Thomas missed the 2005 post season with injuries and did not play in the White Sox World Series run. Now healthy and with Oakland, Thomas launched two homers in the opening game in the Metrodome. Barry Zito out dueled Johan Santana for a 3-2 Oakland win.
Game 2 was another close affair as Boof Bonser pitched 6 solid innings and the score was tied 2-2 in the 7th. With two outs and a runner on in the 7th, Torii Hunter attempted one of his signature highlight reel catches on a line drive by Mark Kotsay. It eluded Hunter and went for a 2 out go ahead 2 run inside the park home run. The A’s would hold onto the 5-2 victory.
By the time the series returned to a carnival atmosphere in Oakland, the series was knotted up. Oakland jumped all over Brad Radke and cruised to an easy 8-3 victory, the only post season series victory to date for the Billy Beane A’s.
The Twins were out and their great comeback against the Tigers was a footnote. It would be Detroit who would go on to win the pennant and lose to a streaking St. Louis squad.
How would the Santana-Hunter-Mauer-Morneau-Cuddyer-Nathan Twins have fared against the Cardinals that year? Would 2006 be the year that Ron Gardenhire had the honor of being the manager of a World Series winner? Would that have been the moment where the Twins had the final laugh against the contraction rumors?
The Twins would go on to be competitive, winning the Central in 2009 and 2010 but being swept by the Yankees in both years.

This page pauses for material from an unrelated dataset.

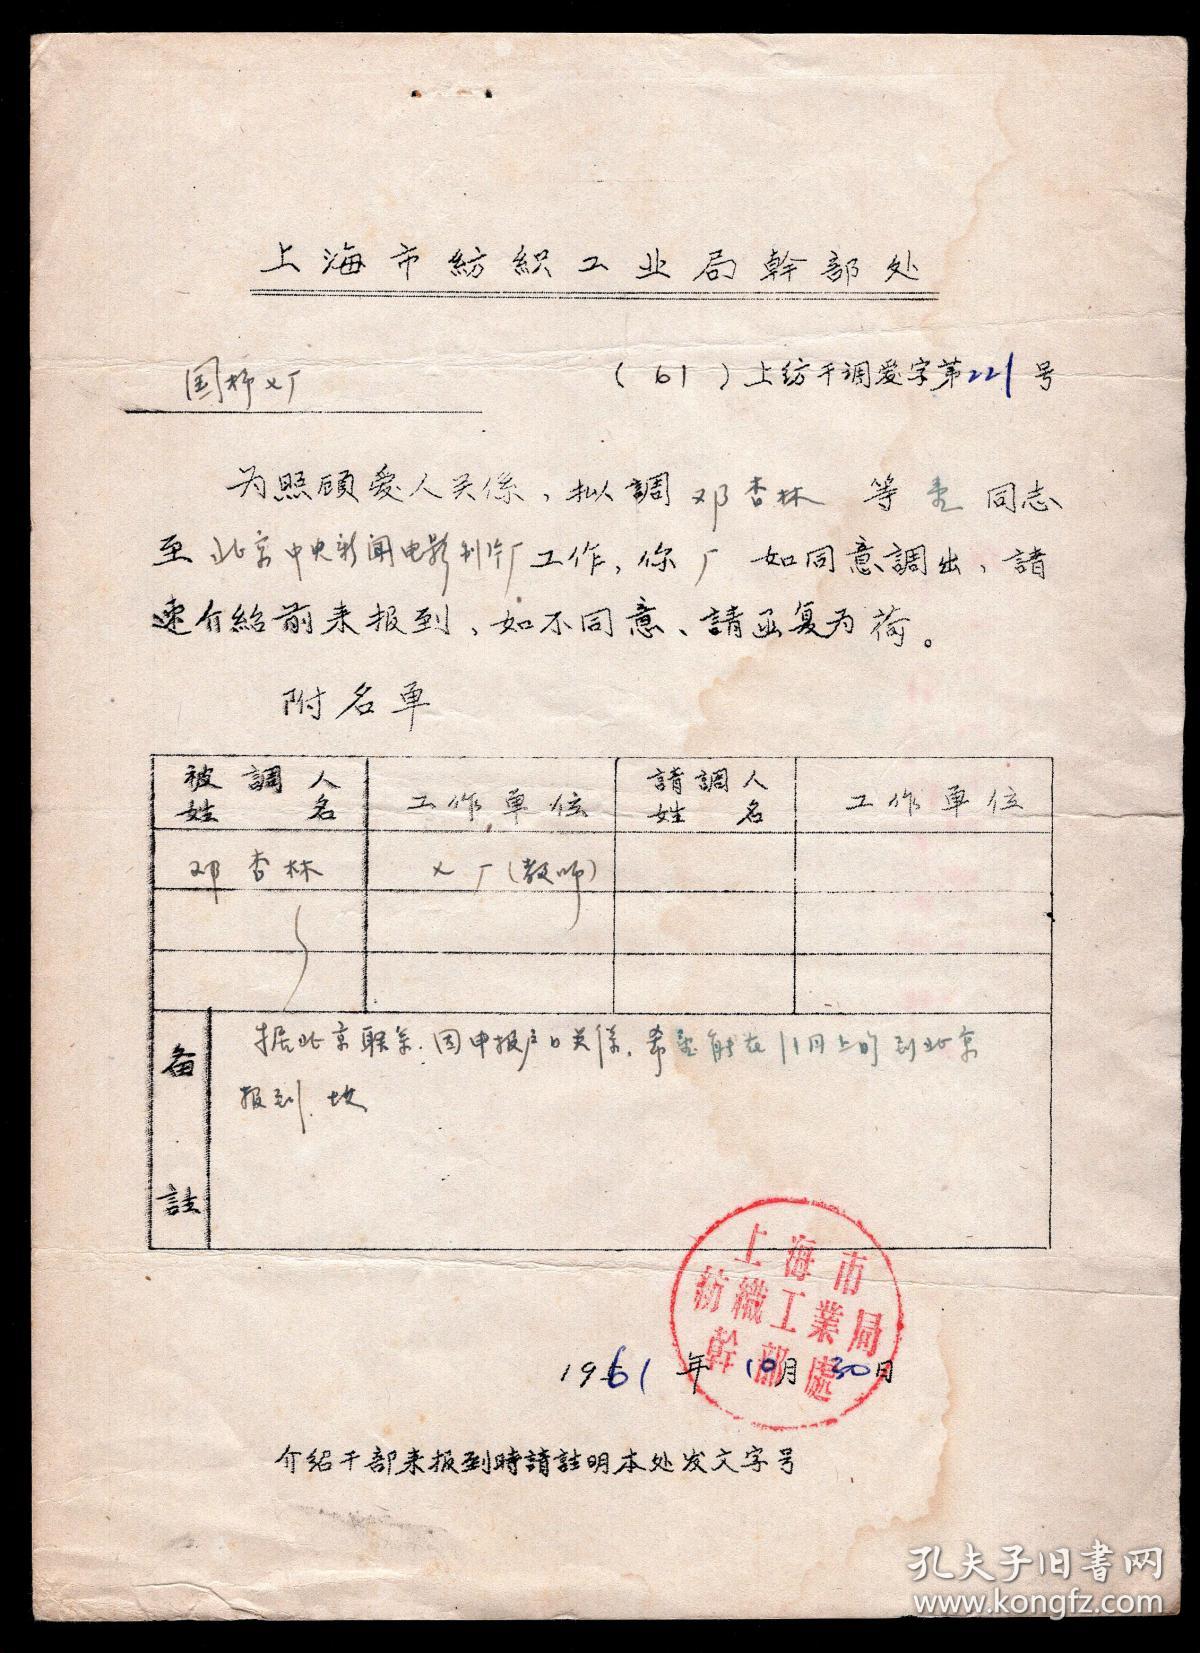 [O-49]上海市纺织工业局干部处介绍信第221号

But those teams did not have the star power of the 2006 squad. By 2008 Santana was a Met and Hunter was an Angel. By then the Twins seemed like the obligatory entry from the Central, an afterthought rather than a legit pennant contender.
The team in 2006, with the elite players hitting their prime and the comeback and the path cleared by Detroit eliminating New York, had everything align to be one of the great teams and highlights in the history of the franchise.
Mauer would have led his childhood team to the title. He and Morneau would have formed the new “M&M Boys” and given that combo some substance with their wonderful style.
Santana’s Hall of Fame credentials would have received a shot in the arm as would have the legacy of Torii Hunter.
Instead a pennant has eluded all of those stars to this day.
Gardenhire’s legacy would be similar to Mike Scioscia’s, whose 2002 Angels won it all and his subsequent Division Titles helped his legacy rather than hurt it.
All of this could have happened if 2006 went their way.
Instead they are just another team who got swept in the Division Series and lost to history.
Alas a great missed opportunity for the Twins.